_EXERCISE INSTRUCTIONS_
Leave the pictures out and repeat the rest of the data below exactly.

_PROVIDED MATERIAL_
==========
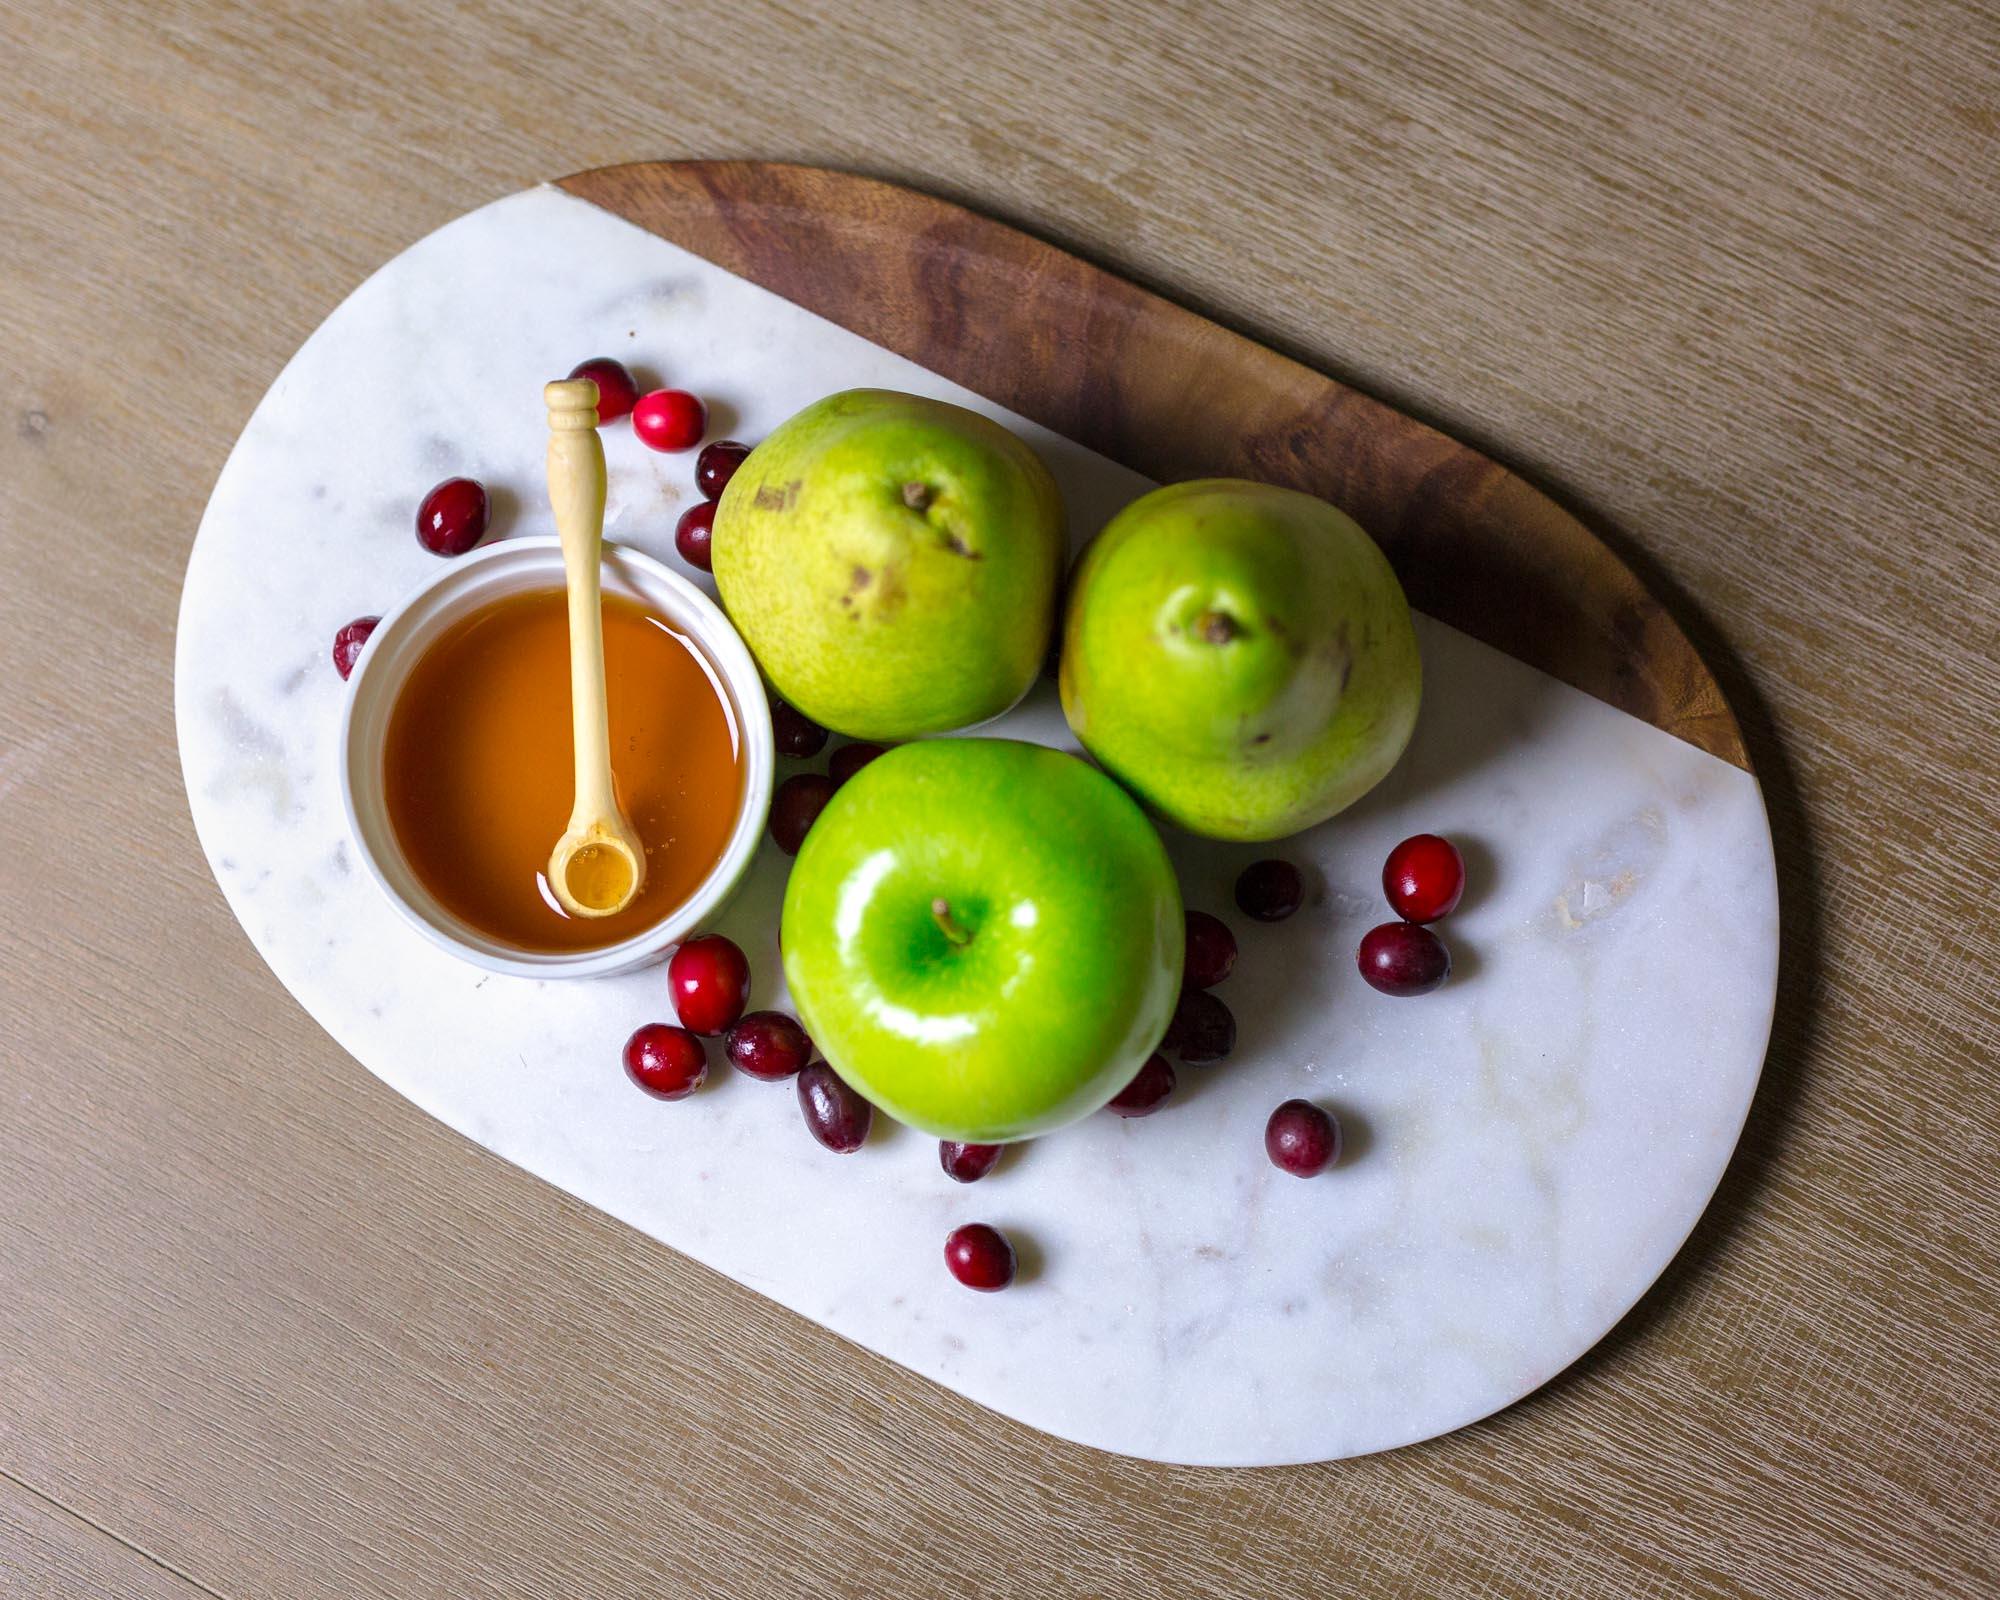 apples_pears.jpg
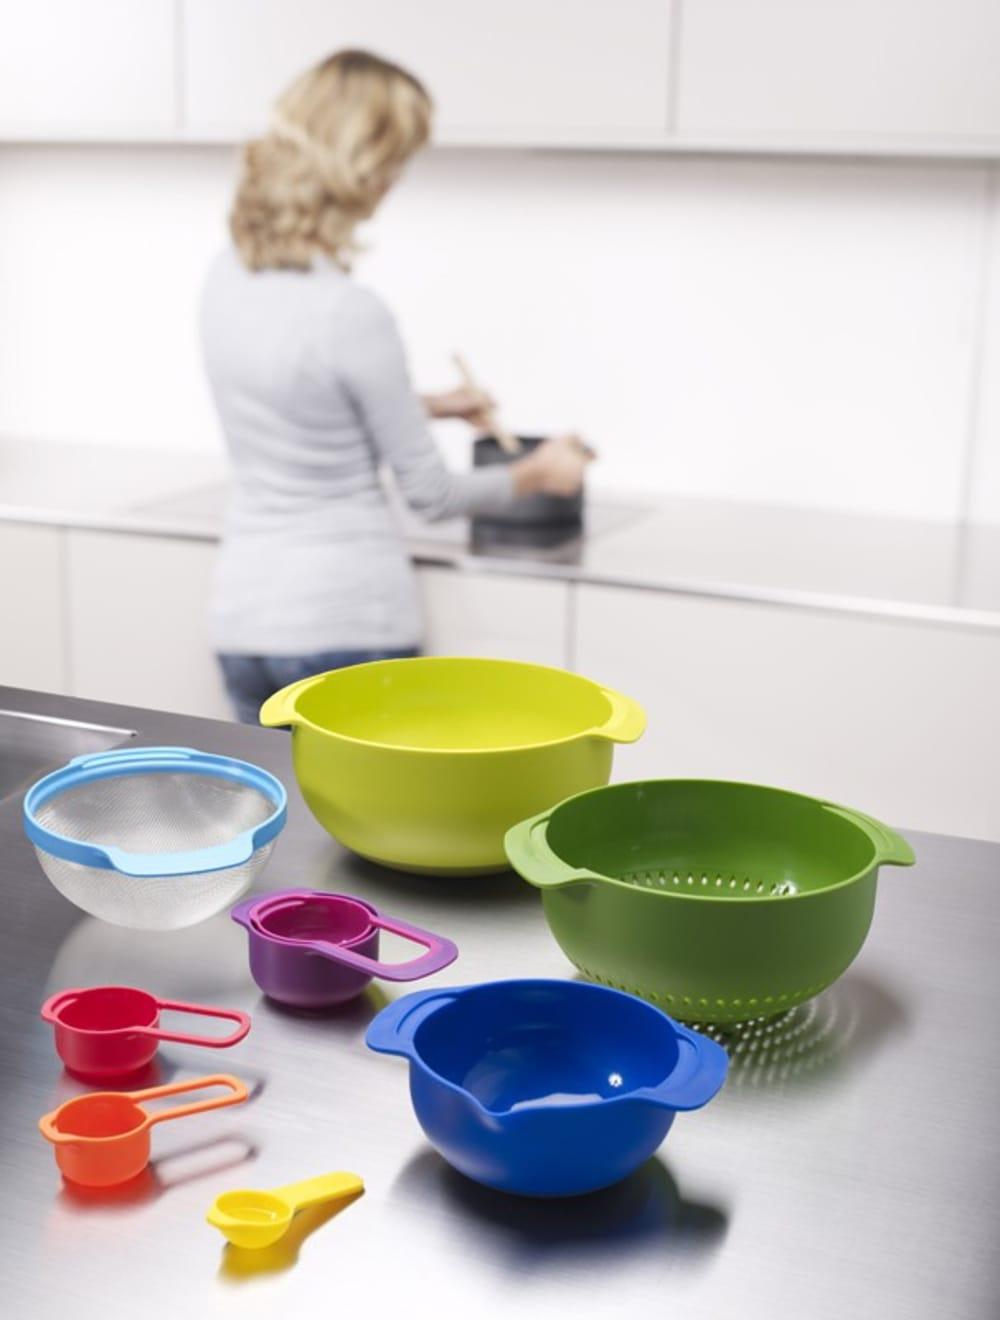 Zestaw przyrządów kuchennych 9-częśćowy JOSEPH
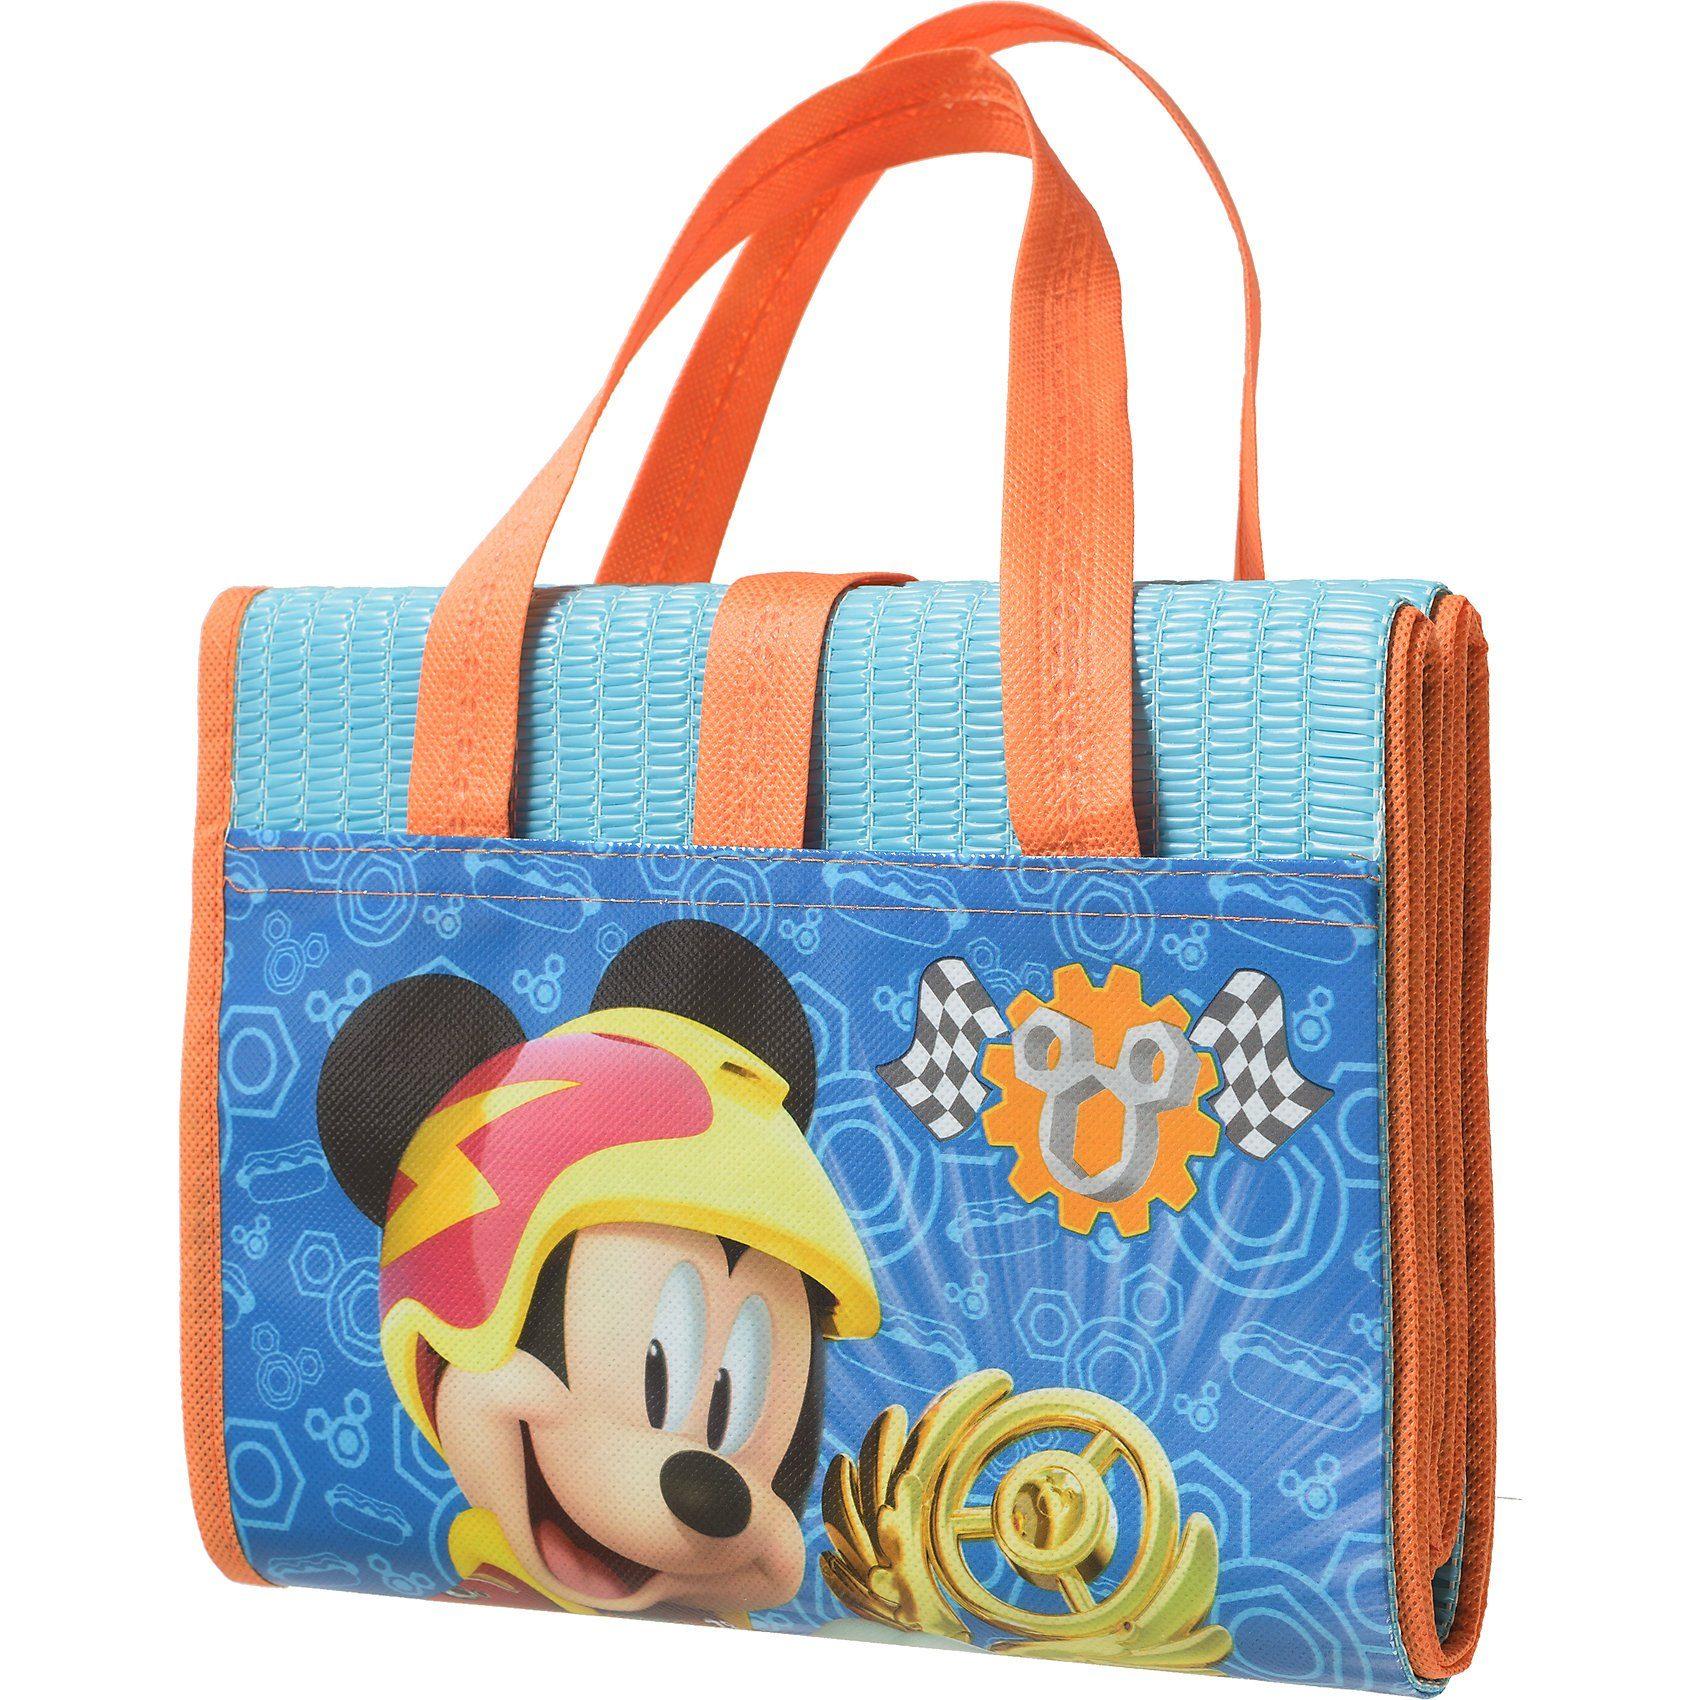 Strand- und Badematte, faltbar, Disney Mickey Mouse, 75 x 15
==========
_SOLUTION FOR THIS TASK_
 apples_pears.jpg
 Zestaw przyrządów kuchennych 9-częśćowy JOSEPH
 Strand- und Badematte, faltbar, Disney Mickey Mouse, 75 x 15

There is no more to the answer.